/---

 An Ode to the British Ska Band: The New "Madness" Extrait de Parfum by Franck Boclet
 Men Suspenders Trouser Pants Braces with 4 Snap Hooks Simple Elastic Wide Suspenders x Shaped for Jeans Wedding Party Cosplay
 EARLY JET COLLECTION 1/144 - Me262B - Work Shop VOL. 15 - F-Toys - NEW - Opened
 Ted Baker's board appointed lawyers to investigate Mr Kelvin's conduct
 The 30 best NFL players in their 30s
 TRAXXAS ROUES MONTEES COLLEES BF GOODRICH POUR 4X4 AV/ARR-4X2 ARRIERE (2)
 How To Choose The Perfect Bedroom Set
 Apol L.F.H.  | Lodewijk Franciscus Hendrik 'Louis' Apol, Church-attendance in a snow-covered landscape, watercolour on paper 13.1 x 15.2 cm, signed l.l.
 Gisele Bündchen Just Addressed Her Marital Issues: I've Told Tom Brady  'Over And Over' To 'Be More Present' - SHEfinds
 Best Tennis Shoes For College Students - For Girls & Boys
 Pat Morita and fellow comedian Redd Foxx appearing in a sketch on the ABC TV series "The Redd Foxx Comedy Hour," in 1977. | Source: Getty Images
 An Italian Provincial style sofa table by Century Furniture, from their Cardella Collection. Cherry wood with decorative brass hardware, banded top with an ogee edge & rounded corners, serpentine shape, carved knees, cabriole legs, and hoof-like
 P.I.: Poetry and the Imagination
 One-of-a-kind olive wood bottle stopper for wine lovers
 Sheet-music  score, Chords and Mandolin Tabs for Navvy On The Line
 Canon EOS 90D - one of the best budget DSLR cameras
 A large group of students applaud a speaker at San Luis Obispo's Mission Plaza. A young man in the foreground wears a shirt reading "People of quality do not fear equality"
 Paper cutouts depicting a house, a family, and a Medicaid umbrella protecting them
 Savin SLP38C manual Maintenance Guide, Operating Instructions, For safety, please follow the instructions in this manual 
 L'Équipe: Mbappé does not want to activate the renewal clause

\---

Exercise prompt:
Check the records above and copy each line that has the string "with".

Solution to the problem:
 Men Suspenders Trouser Pants Braces with 4 Snap Hooks Simple Elastic Wide Suspenders x Shaped for Jeans Wedding Party Cosplay
 An Italian Provincial style sofa table by Century Furniture, from their Cardella Collection. Cherry wood with decorative brass hardware, banded top with an ogee edge & rounded corners, serpentine shape, carved knees, cabriole legs, and hoof-like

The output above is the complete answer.